Green garlic had been fermenting in a small jar on my kitchen counter for about four days when a friend kindly asked whether it'd be okay if he opened the window. Nothing reached Époisses-level stinky but the faint smell of aging cut garlic required instant triage by way of that open window and a scented candle. No regrets though. The fermented hot green garlic was so shockingly easy to pull off, because it requires only a Mason jar, salt, a knife, and about 10 minutes to prep. Fermenting is really (in this case, at least) as easy as putting stuff in a jar with salt and forgetting about it for a week. This is the Ultimate Gateway Ferment, and maybe I'll go big with sauerkraut next time.
Like a scallion at the top with a familiar-looking (but smaller) garlic bulb at the bottom, green garlic is a springtime staple with a zingier bite than whatever you throw in a pan with roasted chicken. Locating this spring garlic will probably be the hardest part of getting through the recipe. The rest is salt, water, a jar, a couple of days of being forgetful (you've got this!), and some red pepper flakes. The result enables insta-garlic knot vibes, thanks to soft, deeply sharp, fizzy, and funky garlic that brings subtle, lasting heat. (Warning though: The garlic breath here is a force to be reckoned with.) Put it on everything, but especially the things below:
Spaghetti has been waiting its whole life for some butter, salt, pepper, red pepper flakes, Parmesan, and this fermented green garlic. It tastes like you built an elaborate sauce with some culinary school skills (...but you didn't).
Garlic potatoes—mashed, whole, smashed, French fried—are beautiful. And nothing does them as much justice as tossing them with fat and a generous heap of this garlic.
Happiness is a piece of crusty country bread with a healthy swipe of ricotta cheese (Salvatore Brooklyn, get on it) and an added layer of the fermented green garlic.
Magic mushrooms are real, and non-hallucinogenic: They're cooked in a stick of butter and tossed with fermented hot green garlic. You're welcome.

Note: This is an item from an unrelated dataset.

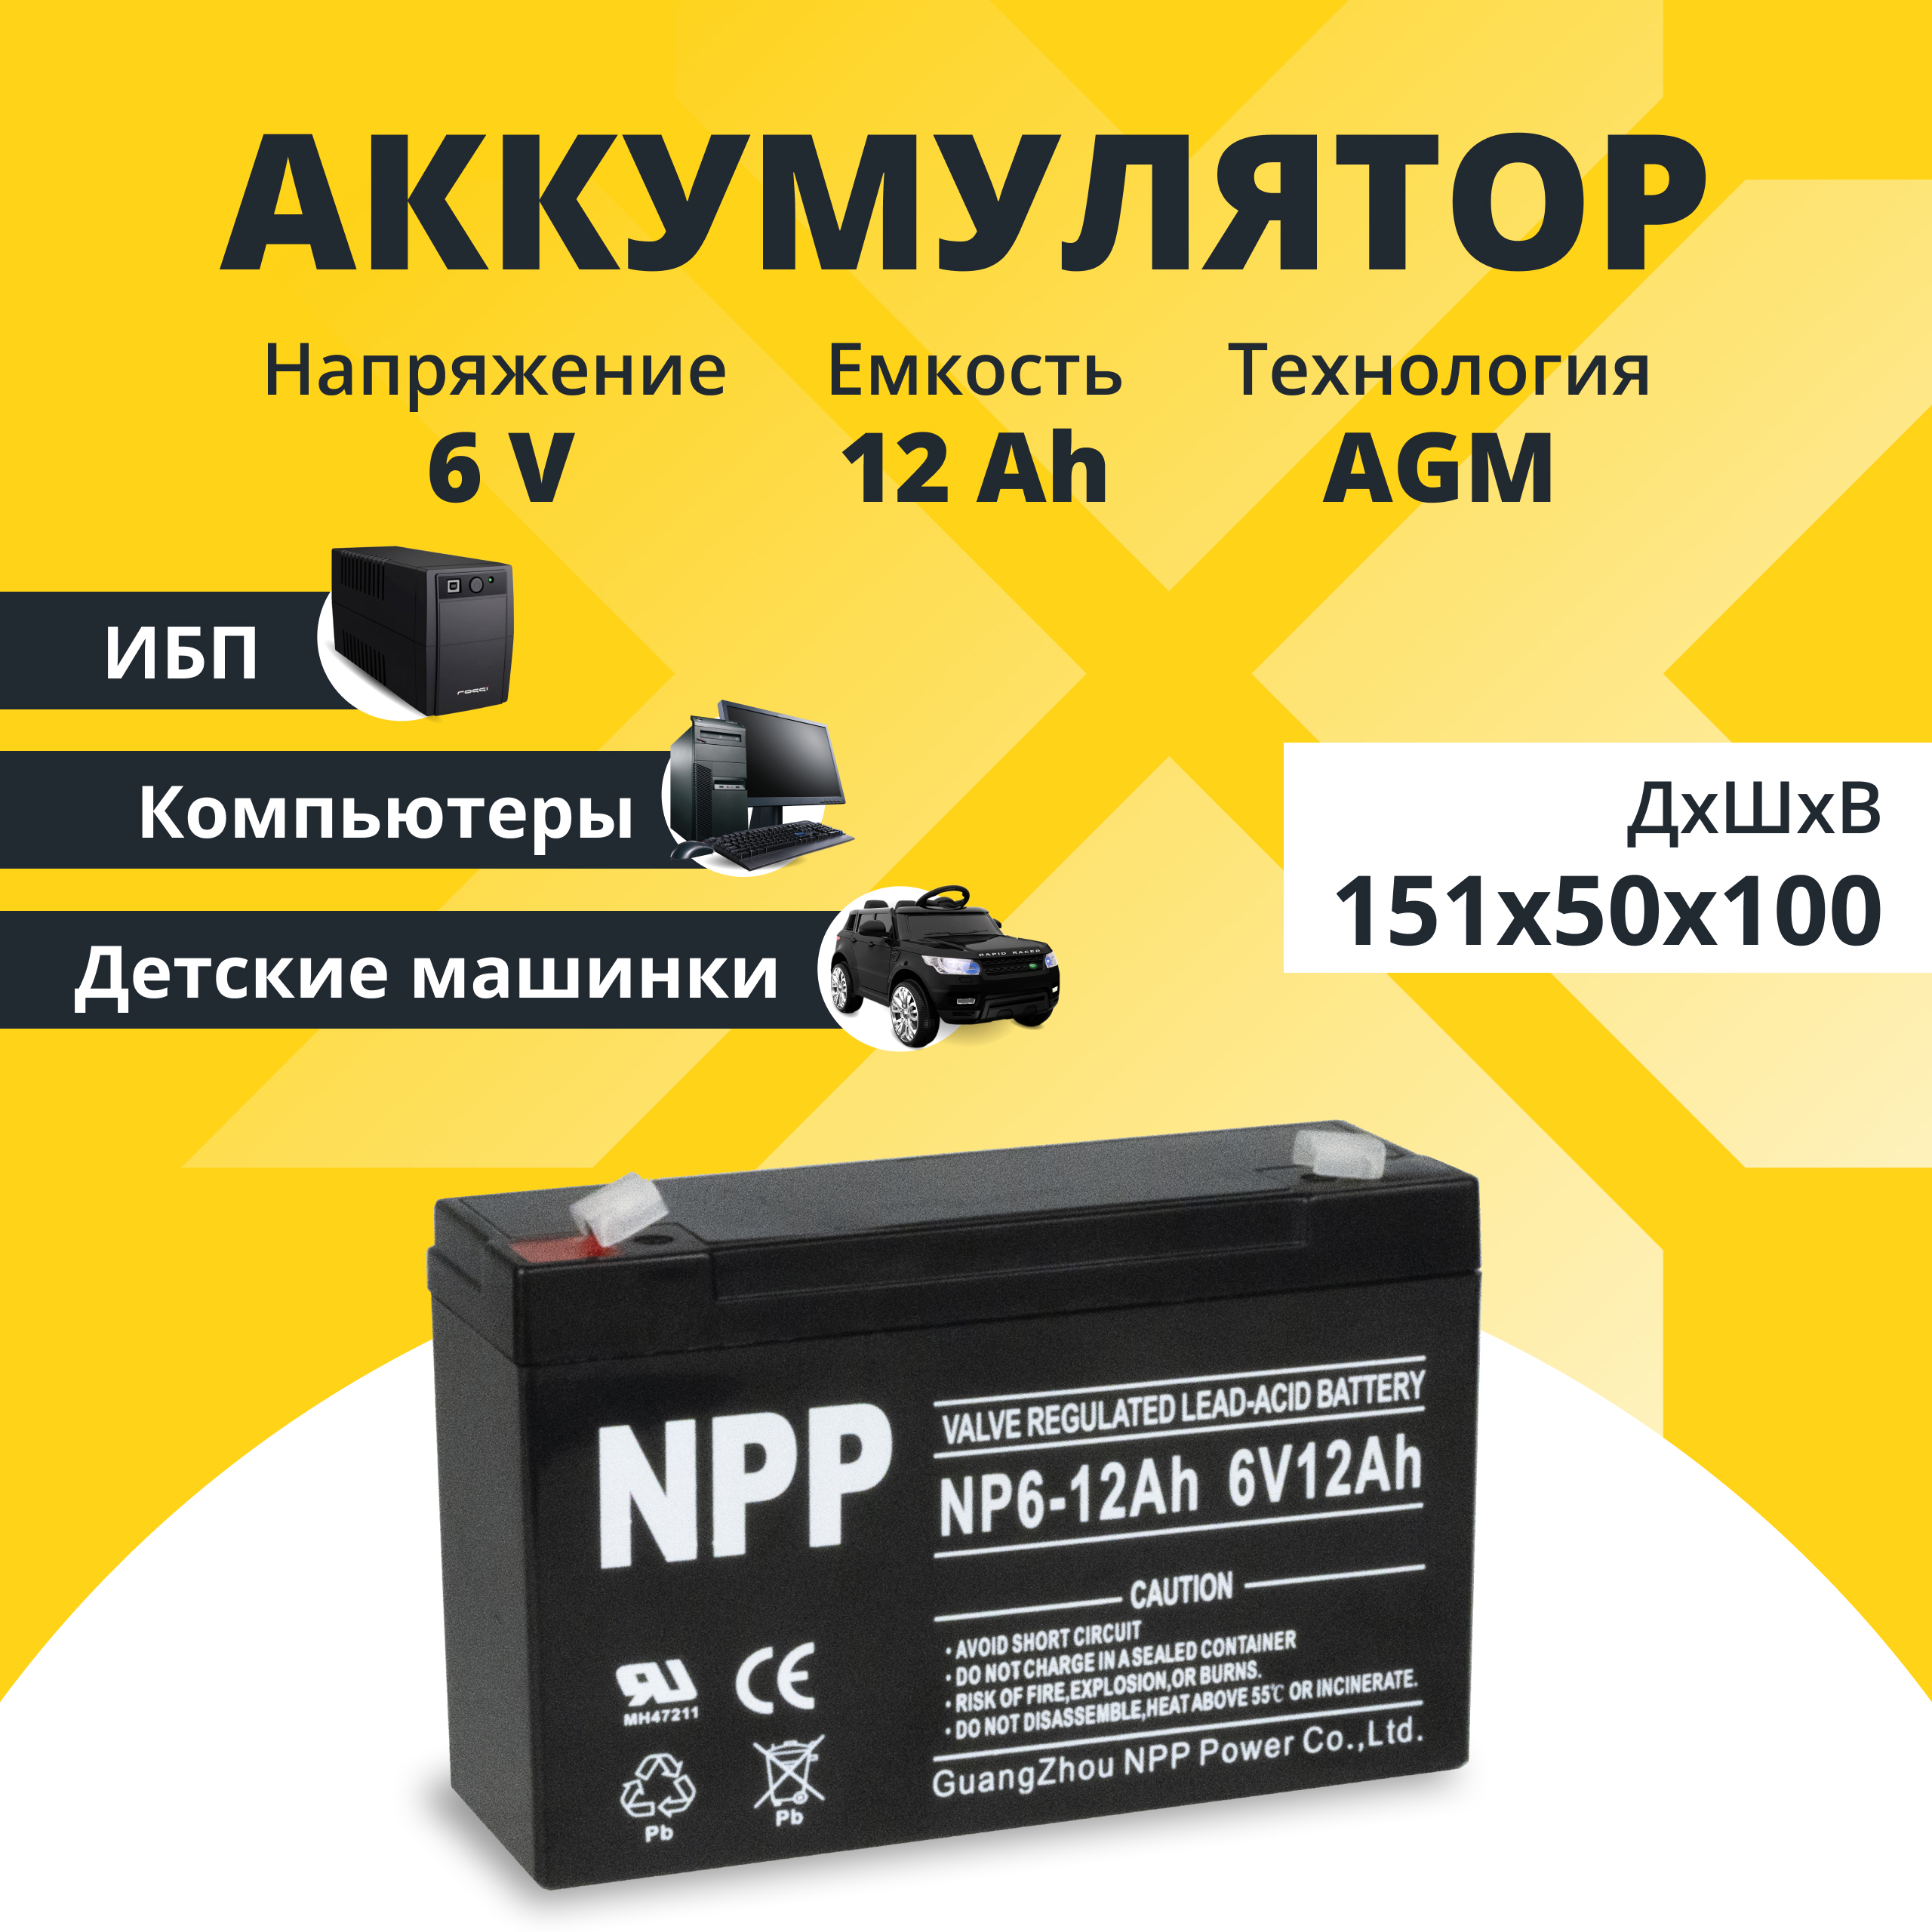 Аккумулятор для ибп NPP 6v 12Ah F1/T1 NP6-12Ah
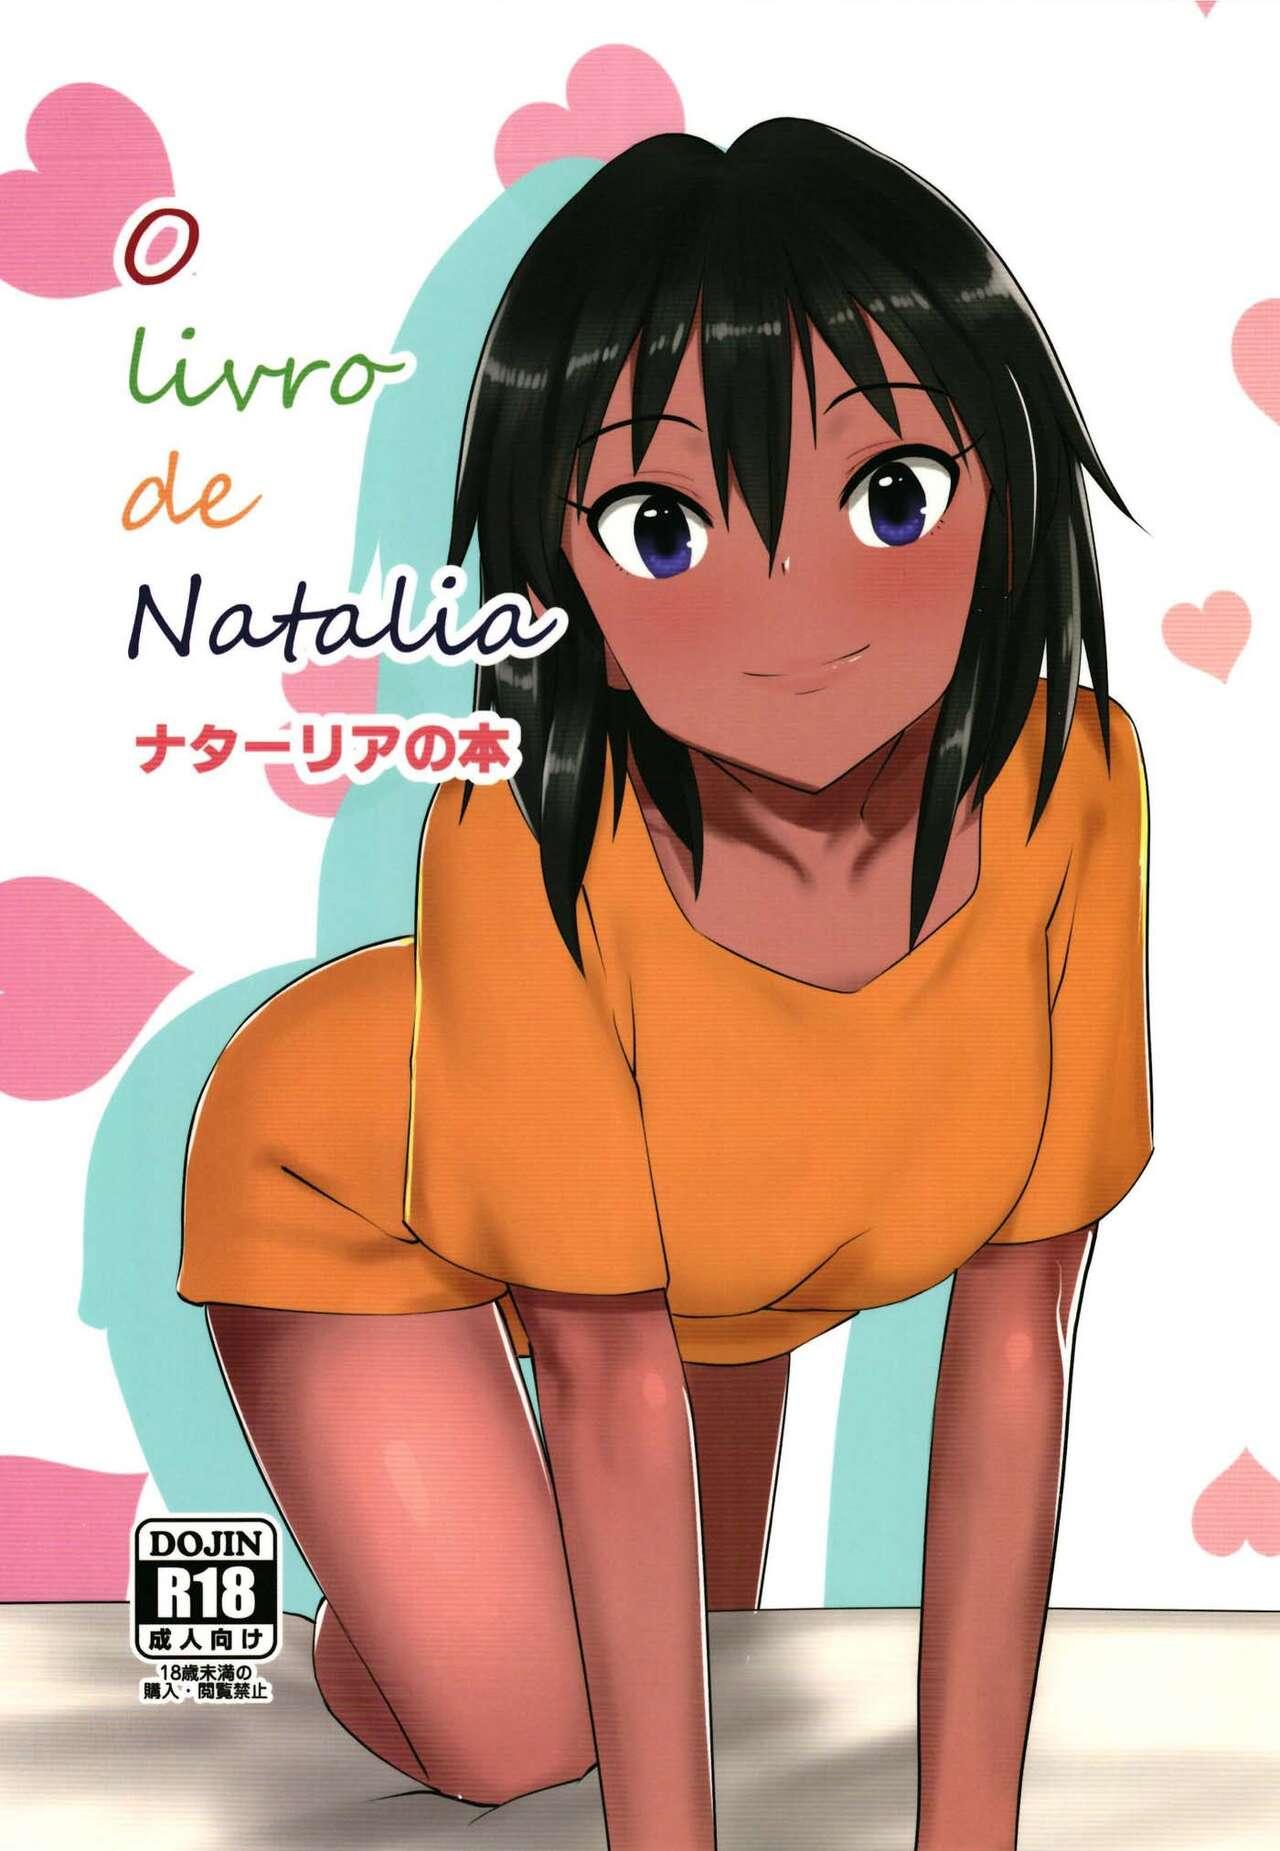 Coed O livro de Natalia - Natalia no Hon - The idolmaster Infiel - Picture 1

It's an unlikely pair—remember Tom Cruise and Cher? (That happened, yep.) But it works. The sticky, sweet honey adds buffers the fermented green garlic and makes it a fantastic beef marinade, toast spread, or cheese plate condiment.
Douse plain Greek yogurt with olive oil, salt, and pepper, then spoon the fermented hot green garlic over top. Taste familiar? It's basically sour cream and onion dip, except way more sophisticated.
The simple turkey sandwich tastes like you got it from a haute deli when you spread some of the hot fermented green garlic on it.
Goat cheese, we've never seen this side you, truly. Humboldt Fog has never been more alive than it is eaten by the spoonful with a generous helping of the hot fermented garlic. Any milky goat cheese will work.
Your favorite noodle dish has peanut sauce, right? With scallions too, yeah? Same deal goes here: Combine nut butter like peanut or almond butter with the hot fermented garlic and appreciate the beauty of savory, nutty sweetness.
Sub in hot fermented green garlic for your standard garlic cloves and give your pesto a new lease on life.
Breakfast will never be the same. Seriously, try any egg preparation—fried, scrambled, poached, hardboiled—and combine it with hot fermented green garlic. Zero extra seasoning effort required.